This repository contains solutions to a series of problems relating to the famous MNIST data set. The data sets are in a bespoke format and can be obtained from the website found HERE!
The repository contains a basic python script which uses a series of functions written to decompress and read the .gz files.
The functions are listed as follows:
- read_labels_from_file
- read_images_from_file
- save_image
- print_image
1. If you are using OSX - Install Python 3 using Homebrew. Alternatively check out Anaconda - An open source distribution of Python.
brew install python3
git clone https://github.com/damiannolan/mnist-data-problemsheet.git
3. Download the MNIST data files from the link provided above and place the .gz files in a subfolder named /data
python3 mnist-data.py
The original problem sheet can be found HERE!
Download the image and label files. Have Python decompress and read them byte by byte into appropriate data structures in memory.

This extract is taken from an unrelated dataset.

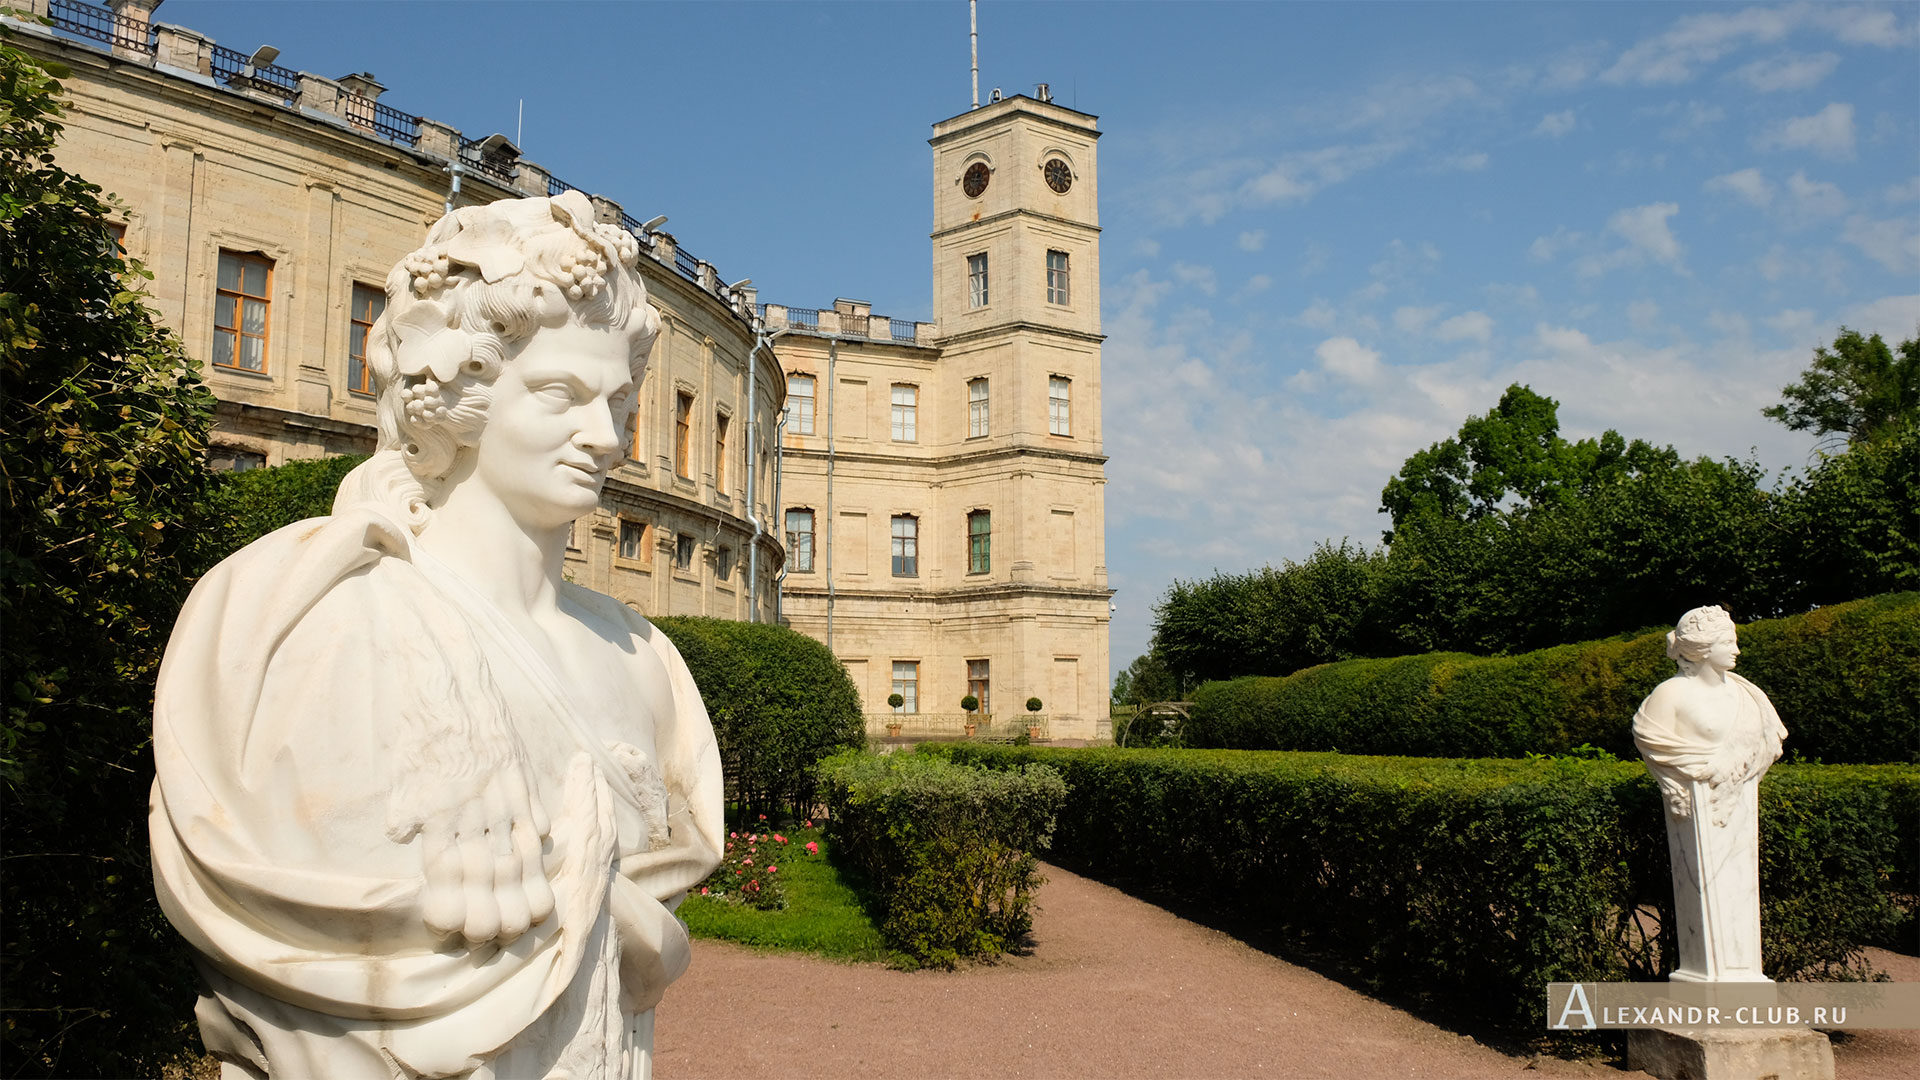 Гатчинский парк, лето, Гатчинский дворец, Собственный садик

Output the third image in the training set to the console. Do this by representing any pixel value less than 128 as a full stop and any other pixel value as a hash symbol.
Use Python to output the image files as PNGs, saving them in a subfolder in your repository.
Name the images in the format train-XXXXX-Y.png
or test-XXXXX-Y.png
where XXXXX
is the image number (where it
occurs in the data file) and Y
is its label.
For instance, the five-thousandth training image is labelled 2, so its file name should be train-04999-2.png
.
Note the images are indexed from 0, so the five-thousandth image is indexed as 4999.